Saturday, March 31, 2007

Part 2..First Cross Country

The reality of riding across the country was starting to sink in by the second day. Even though I had trained by doing many fast double century rides and even some 24 hour events over 400 miles, I was not ready for the pounding pace of cross country riding. I remember getting back on the bike the second morning and riding up the hills on Rt. 40 through Frostburg, Maryland and Uniontown, Pennsylvania. These were the steepest and longest hills I had ever ridden. My 42 x 21 gear wasn’t enough. It was now Monday morning and I asked the support crew to go looking for a bike shop and find a 13 x 26 Suntour Ultra-6 freewheel.

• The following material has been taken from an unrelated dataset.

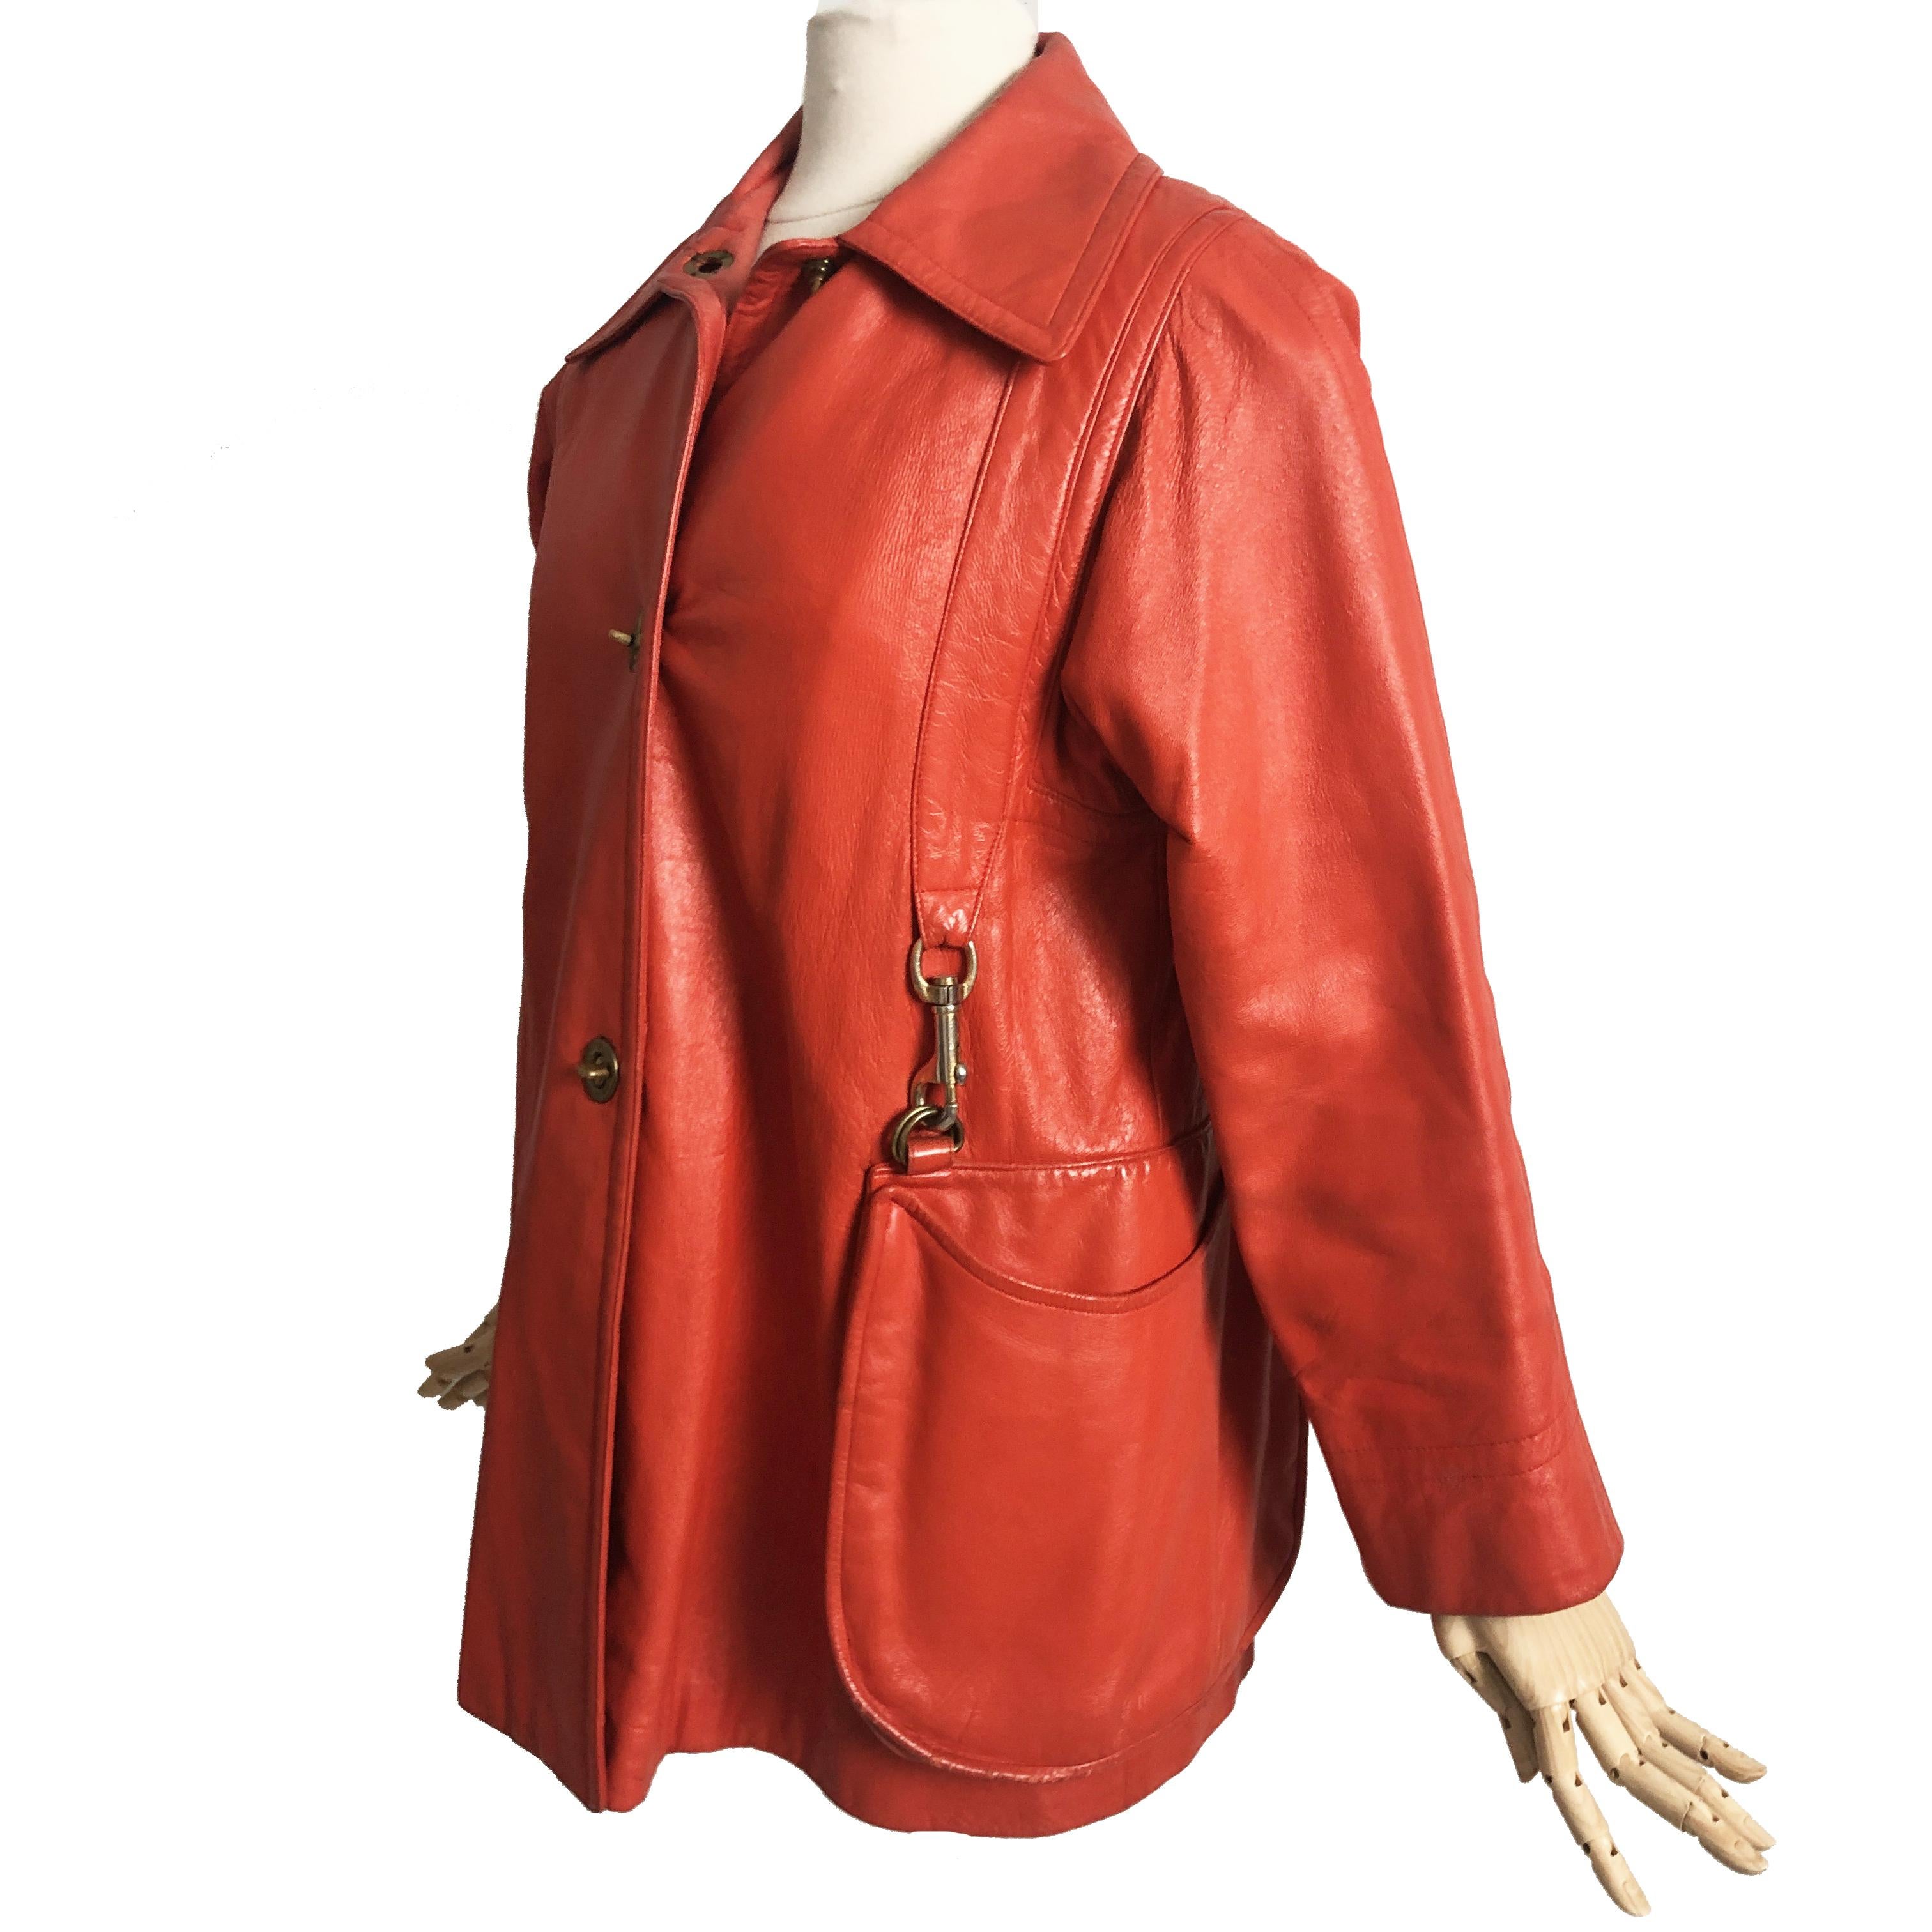 Red Bonnie Cashin Leather Jacket with Attached Hobo Bag Size S Mod Vintage 60s Rare

A couple hours into the day our motor home was set up beside the road. It was time for breakfast. I stopped and my mom had made me a big plate of french toast. I welcomed the chance to sit down and eat. Most of my meals during the first week of the Double Transcontinental would be full plates of food eaten inside the motor home. It would not be until we had traveled almost 2,000 into New Mexico that we refined our pace and efficiency to eat most of my meals on the bike.

As I coasted into Frostburg, Maryland on Rt. 40 I had a strange sense of Daja vu. I felt that I had been there before doing the same thing. I then remembered a dream I had when I was about 16 years old. I had told about that dream to my parents and Susan years later of how I got interested in cross country riding. In the dream I was on a cross country trip. I was coasting down a steep hill of the eastern mountains with one hand on my hip and my upper body turned slightly to the left. During the dream I remember that I was at total peace with the bike and the fact that I would be riding across the country many times. My bike was white in the dream. I bought a white AMF Scorcher 10 speed bike for $69 later that summer in 1974. I always remembered that dream, even though most dreams disappear in a few hours. Riding into Frostburg made me realize dreams do come true. I was tired today but at peace on the bike. This was just the start of many more strange experiences that would evolve during the Double Transcontinental.

As the support car went shopping for a new freewheel at a local bike shop, I just kept riding on Rt. 40. We were pretty relaxed about keeping the support crew near me and they would catch up to me later. I was by myself riding through town when my rear tire punctured with a loud pop. I inspected the tire and found a large piece of glass had made a one inch gash in my tire. There was no way to repair the tire with even a boot or new tube. In a way I was relieved. I would use this opportunity for a nap. I took off the wheel and laid my bike down near the residential sidewalk under the shade of maple tree. I was comfortable on the soft grass and maybe fell asleep for a few minutes. I was awoke by my support car stopping by the curb and yelling. They thought I had been hit by a car. I said I was fine and showed them the tire. We put on a spare wheel and I was riding again with new energy after my nap.

The crew had found a 13-26 freewheel and I changed wheels again. I wasn’t riding that strong and I needed the lower gears. It started to rain in the late afternoon. We entered Wheeling, West Virginia and splashed through the flooded streets. It was nearing sundown I was thinking about stopping for the night. All three of our support vehicles were waiting at a wide spot on the side of the road in a residential area. The owner of the house where we had stopped came out and said he had been expecting us. We had no idea who he was. He introduced himself as the president of the local Lion’s Club. He had heard about the Double Transcontinental Record from my local Harvard, Illinois Lion’s Club. I had given a bike talk to them about my plans and we were using the Record Attempt as a way to raise money for the National Lion’s Club eye glasses program. Wheeling is a big city and it was just by chance that we stopped front of the Lion Club’s President’s yard. We talked for 15 minutes and he gave us directions of an RV park in the area. I had only ridden 200 miles today from 6:00 AM to about 8:30 PM. I was really tired wanted to get out of my wet clothes and sleep in a dry bed tonight.